Brief: Give the line with "for 120 km/t*17-34" again, along with every line below it to the end of the records, word for word.

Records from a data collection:
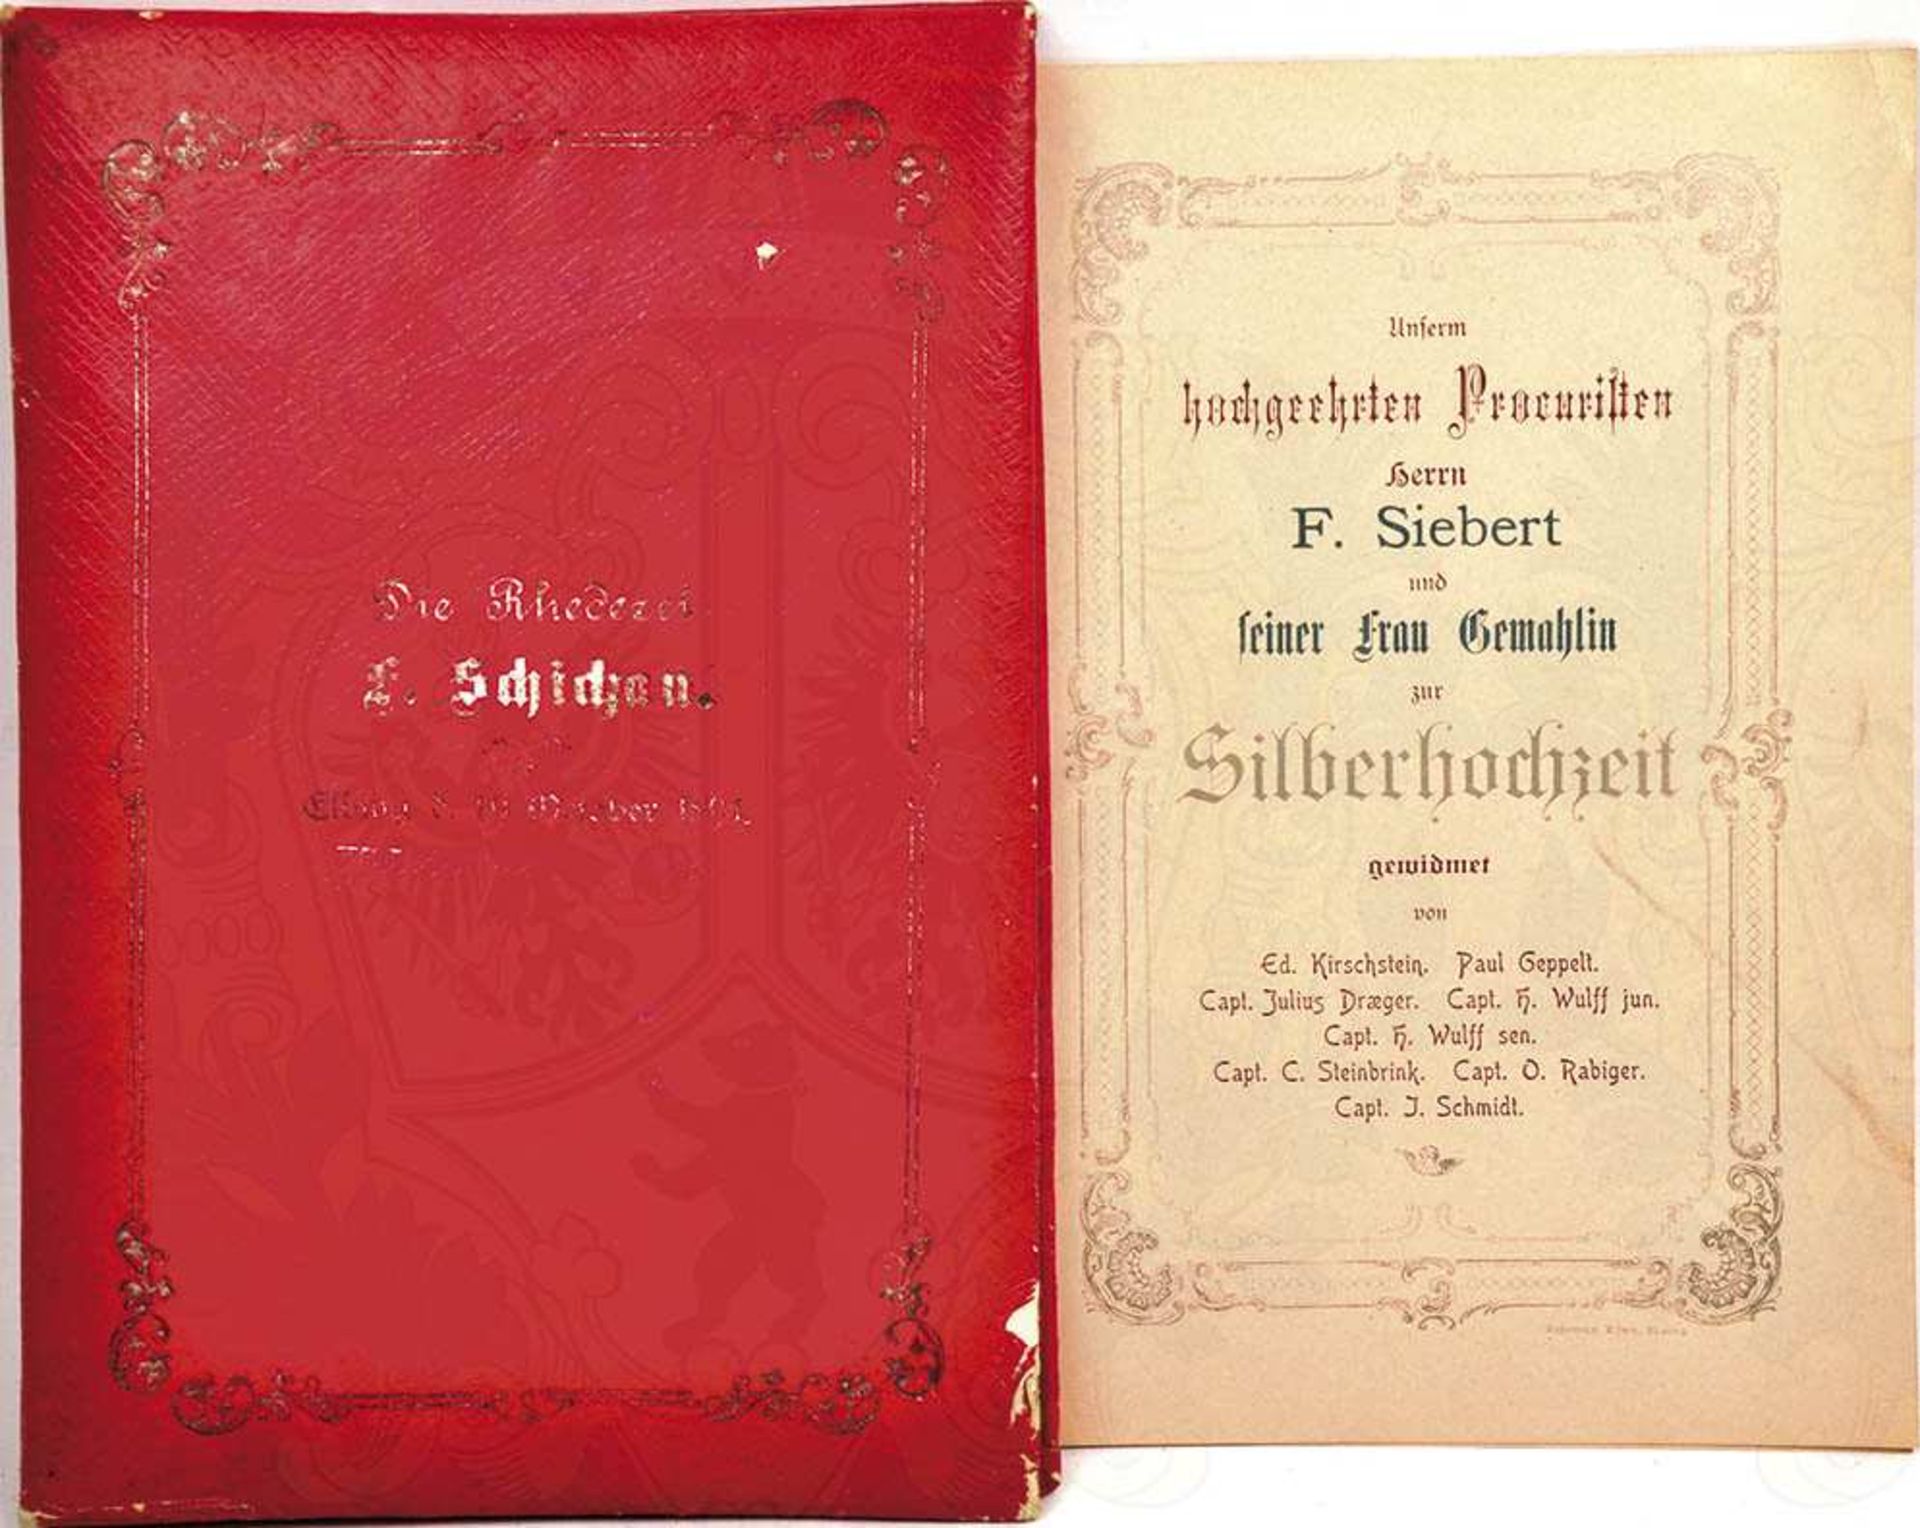 ERINNERUNGSMAPPE DER REDEREI SCHICHAU, Elbing, 19. Okt. 1894, m. Widmungsblatt z. Silberhochzeit
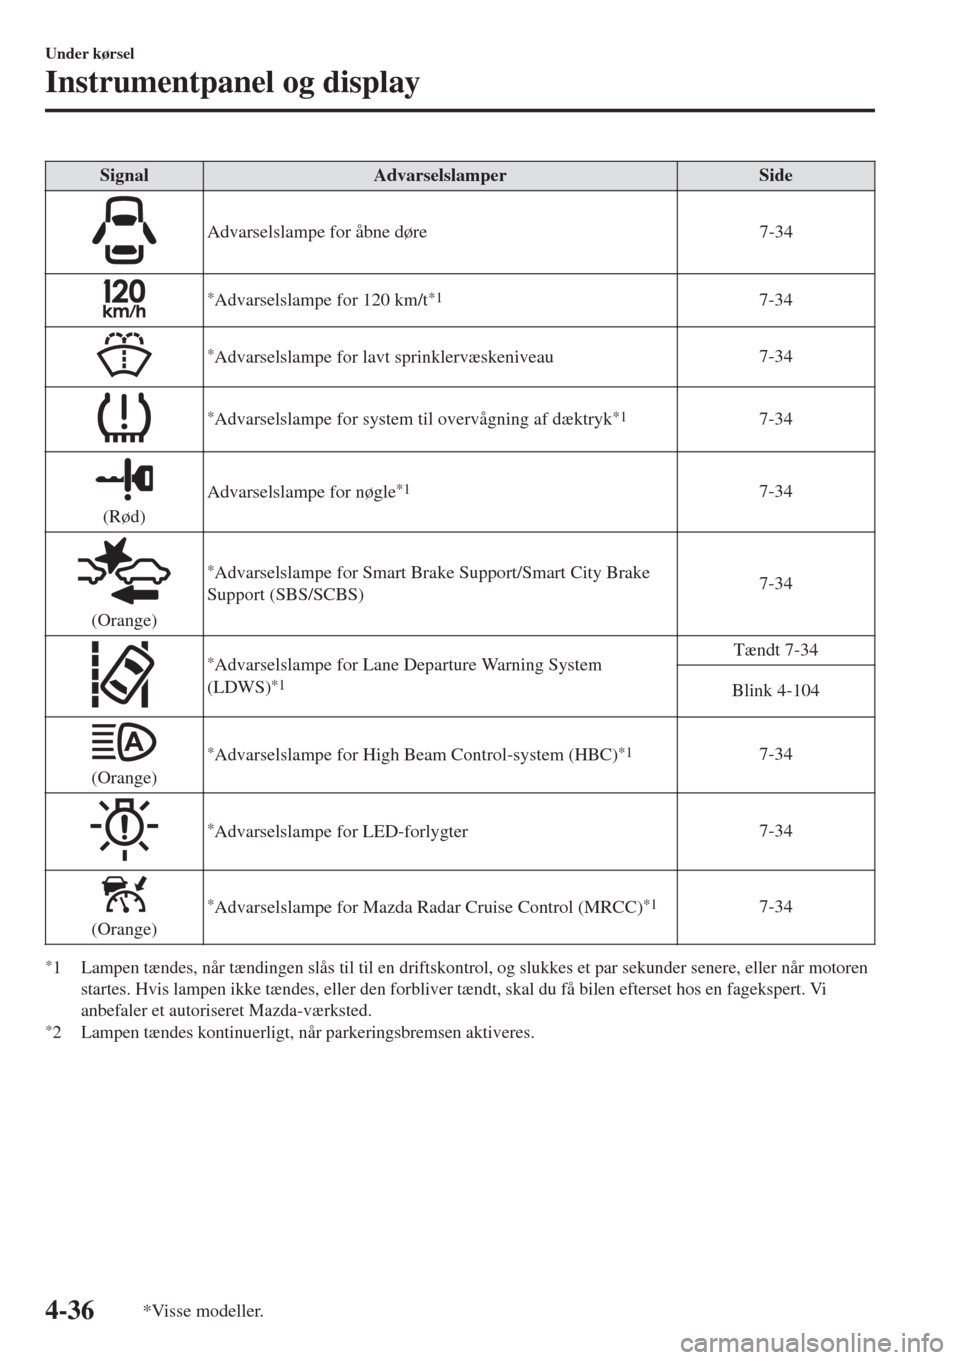 MAZDA MODEL CX-3 2015   Instruktionsbog (in Danish)  SignalAdvarselslamperSide
Advarselslampe for åbne døre 7-34
*Advarselslampe for 120 km/t*17-34
*Advarselslampe for lavt sprinklervæskeniveau7-34
*Advarselslampe for system til overvågning af dækt

Task answer:
*Advarselslampe for 120 km/t*17-34
*Advarselslampe for lavt sprinklervæskeniveau7-34
*Advarselslampe for system til overvågning af dækt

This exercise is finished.